The COST block specifies the number and order of the covariates determining the cost of treatment and the values for the coefficients $$\gamma$$. In particular, the integer in the column Column specifies the column in the relevant dataset.

Key Column Value Interpretation
coeff str float intercept coefficient
coeff str float coefficient of the first covariate
coeff str float coefficient of the second covariate

DIST

The DIST block specifies the distribution of the unobservables.

Key Value Interpretation
coeff float $$\sigma_{U_1}$$
coeff float $$\sigma_{U_1,U_0}$$
coeff float $$\sigma_{U_1,V}$$
coeff float $$\sigma_{U_0}$$
coeff float $$\sigma_{U_0,V}$$
coeff float $$\sigma_{V}$$

SCIPY-BFGS

The SCIPY-BFGS block contains the specifications for the BFGS minimization algorithm. For more information see: SciPy documentation.

Key Value Interpretation
gtol float the value that has to be larger as the gradient norm before successful termination
eps float value of step size (if jac is approximated)

SCIPY-POWELL

The SCIPY-POWELL block contains the specifications for the POWELL minimization algorithm. For more information see: SciPy documentation.

Key Value Interpretation
xtol float relative error in solution values xopt that is acceptable for convergence
ftol float relative error in fun(xopt) that is acceptable for convergence

### Examples¶

In the following chapter we explore the basic features of the grmpy package. The resources for the tutorial are also available online. So far the package provides the features to simulate a sample from the generalized roy model and to estimate the parameters of interest (given a data set) as specified in your initialization file.

Simulation

First we will take a look on the simulation feature. For simulating a sample from the generalized roy model you use the simulate function provided by the package. For simulating a sample of your choice you have to provide the path of your initalization file as an input to the function.

import grmpy

grmpy.simulate('tutorial.grmpy.ini')


This creates a number of output files that contain information about the resulting simulated sample.
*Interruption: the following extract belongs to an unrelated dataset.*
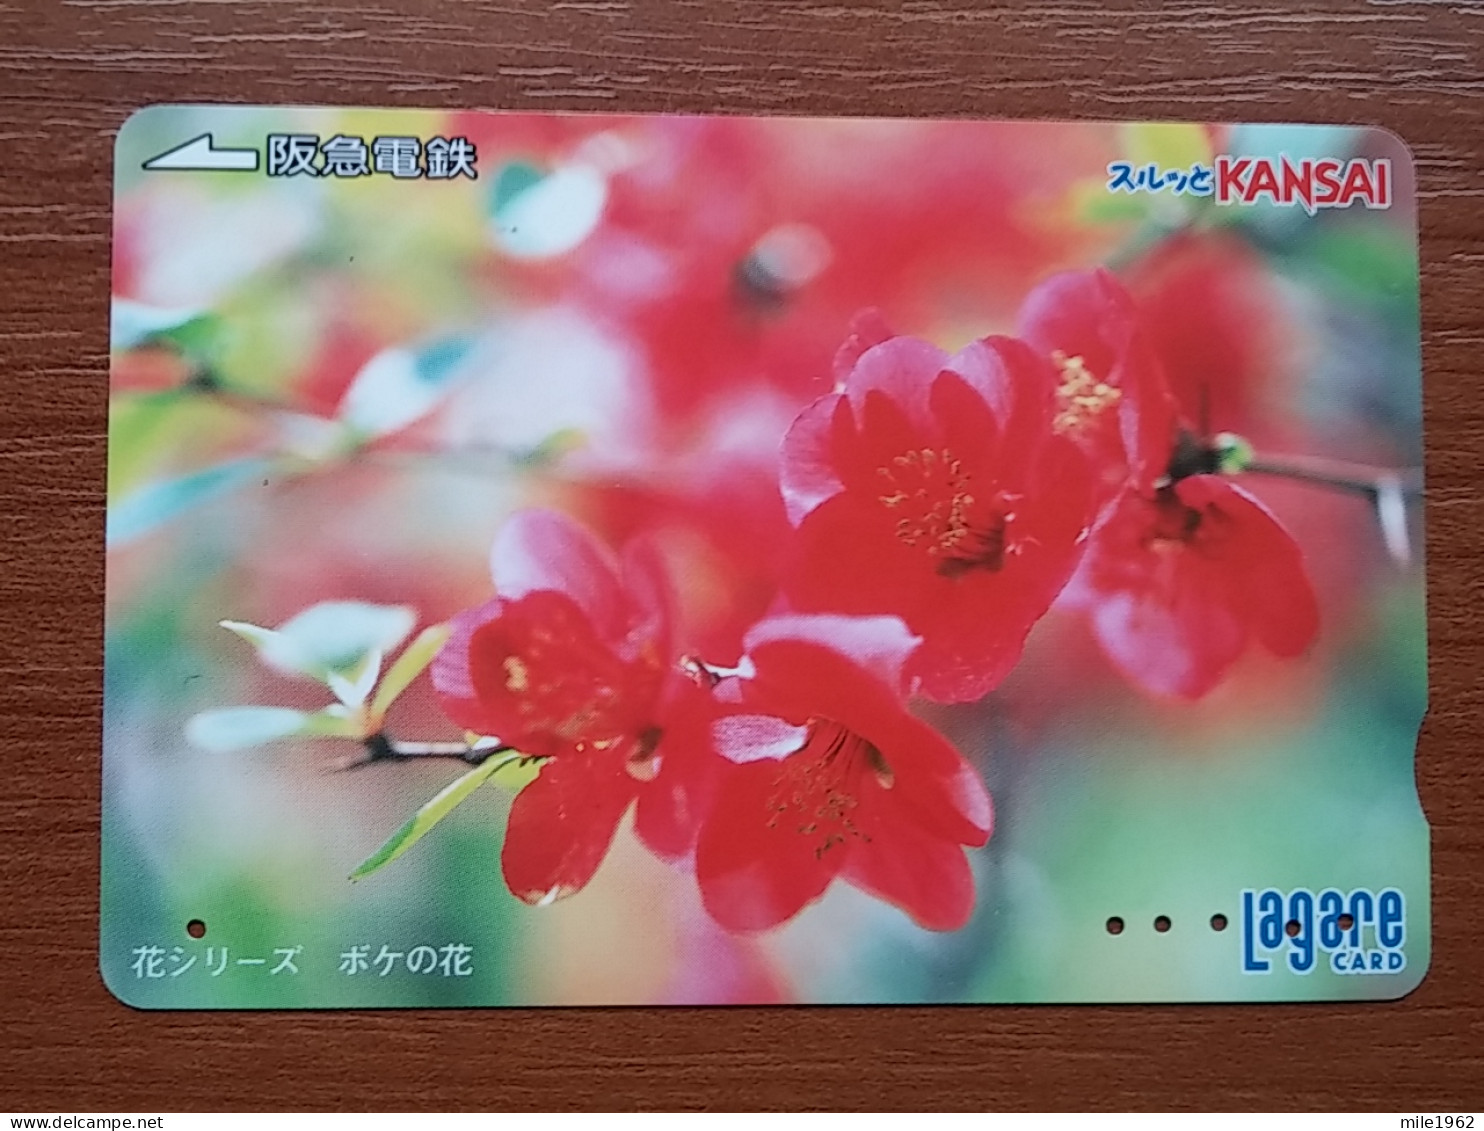 T-409 - JAPAN, Japon, Nipon, Carte Prepayee, Prepaid Card, Flower, Fleur - Flowers

• data.grmpy.info, basic information about the simulated sample
• data.grmpy.txt, simulated sample in a simple text file
• data.grmpy.pkl, simulated sample as a pandas data frame

Estimation

The other feature of the package is the estimation of the parameters of interest. The specification regarding start values and and the optimizer options are determined in the ESTIMATION section of the initialization file.

grmpy.estimate('tutorial.grmpy.ini')


As in the simulation process this creates a number of output file that contains information about the estimation results.

• est.grmpy.info, basic information of the estimation process
• comparison.grmpy.txt, distributional characteristics of the input sample and the samples simulated from the start and result values of the estimation process

## Reliability & Robustness¶

The following section illustrates the reliability of the estimation strategy behind the grmpy package when facing agent heterogeneity and shows also that the corresponding results withstand a critical examination. The checks in both subsections are based on a mock data set respectively the estimation results from

Carneiro, Pedro, James J. Heckman, and Edward J. Vytlacil. Estimating Marginal Returns to Education. American Economic Review, 101 (6):2754-81, 2011.

### Reliability¶

The estimation results and data from Carneiro 2011 build the basis of the reliability test setup. The data is extended by combining them with simulated unobservables that follow a distribution that is pre-specified in the following initialization file. In the next step the potential outcomes and the choice of each individual are calculated by using the estimation results.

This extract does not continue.